Questions about ONe's internal scheduling logic

parak · November 4, 2016, 11:32am

Hello everyone,

my colleagues are trying to pick apart the ONe scheduler and understand its internal logic. They asked me a few questions and I couldn’t answer some of them. So, I’m turning to you, the community

What happens when a datastore isn’t assigned to a specific cluster? Does it
mean this datastore is available on all hosts (across all clusters), on hosts
without any cluster, or nowhere?

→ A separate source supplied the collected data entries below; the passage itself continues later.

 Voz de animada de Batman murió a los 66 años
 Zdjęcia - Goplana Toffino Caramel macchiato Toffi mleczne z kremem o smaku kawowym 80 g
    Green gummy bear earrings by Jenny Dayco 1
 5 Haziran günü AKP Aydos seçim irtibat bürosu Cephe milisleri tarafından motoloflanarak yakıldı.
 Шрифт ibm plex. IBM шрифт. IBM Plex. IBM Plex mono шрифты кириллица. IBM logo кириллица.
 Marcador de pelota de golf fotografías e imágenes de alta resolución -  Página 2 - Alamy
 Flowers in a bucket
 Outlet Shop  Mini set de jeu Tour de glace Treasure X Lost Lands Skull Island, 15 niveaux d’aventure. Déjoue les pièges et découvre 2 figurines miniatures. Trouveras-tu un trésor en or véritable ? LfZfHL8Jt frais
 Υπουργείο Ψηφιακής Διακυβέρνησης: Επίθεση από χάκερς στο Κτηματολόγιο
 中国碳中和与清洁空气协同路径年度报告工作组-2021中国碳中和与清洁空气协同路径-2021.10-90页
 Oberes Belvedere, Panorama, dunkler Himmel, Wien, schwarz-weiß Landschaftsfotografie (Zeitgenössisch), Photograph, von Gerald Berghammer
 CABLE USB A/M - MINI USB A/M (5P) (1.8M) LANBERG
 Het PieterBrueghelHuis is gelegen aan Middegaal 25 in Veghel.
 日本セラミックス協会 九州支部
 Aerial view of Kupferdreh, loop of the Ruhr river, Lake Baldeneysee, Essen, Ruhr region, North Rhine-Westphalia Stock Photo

Does this logic apply to all objects which can
be assigned a cluster?

Why is it necessary to check the image datastore capacity before
matching the datastore for a pending virtual machine?
In the current scheduler implementation, each disk of an active VM
consumes storage from an image datastore. VMs that require more
storage than there is currently available are filtered out (will
remain in the pending state).

Is it true that if a datastore is shared then its capacity can be found directly
in the datastore metadata but if it is not shared then its capacity must be checked
directly in the host monitoring information under DATASTORES?
What about the MAX_DISK/HOST_SHARE element, sometimes the capacity does
not match the capacity in the DATASTORES element. What is the right
way to check the capacity of datastores?

Regarding Q#2, we managed to identify a few key pieces of the code (see below). However, it didn’t help us understand what’s going on there.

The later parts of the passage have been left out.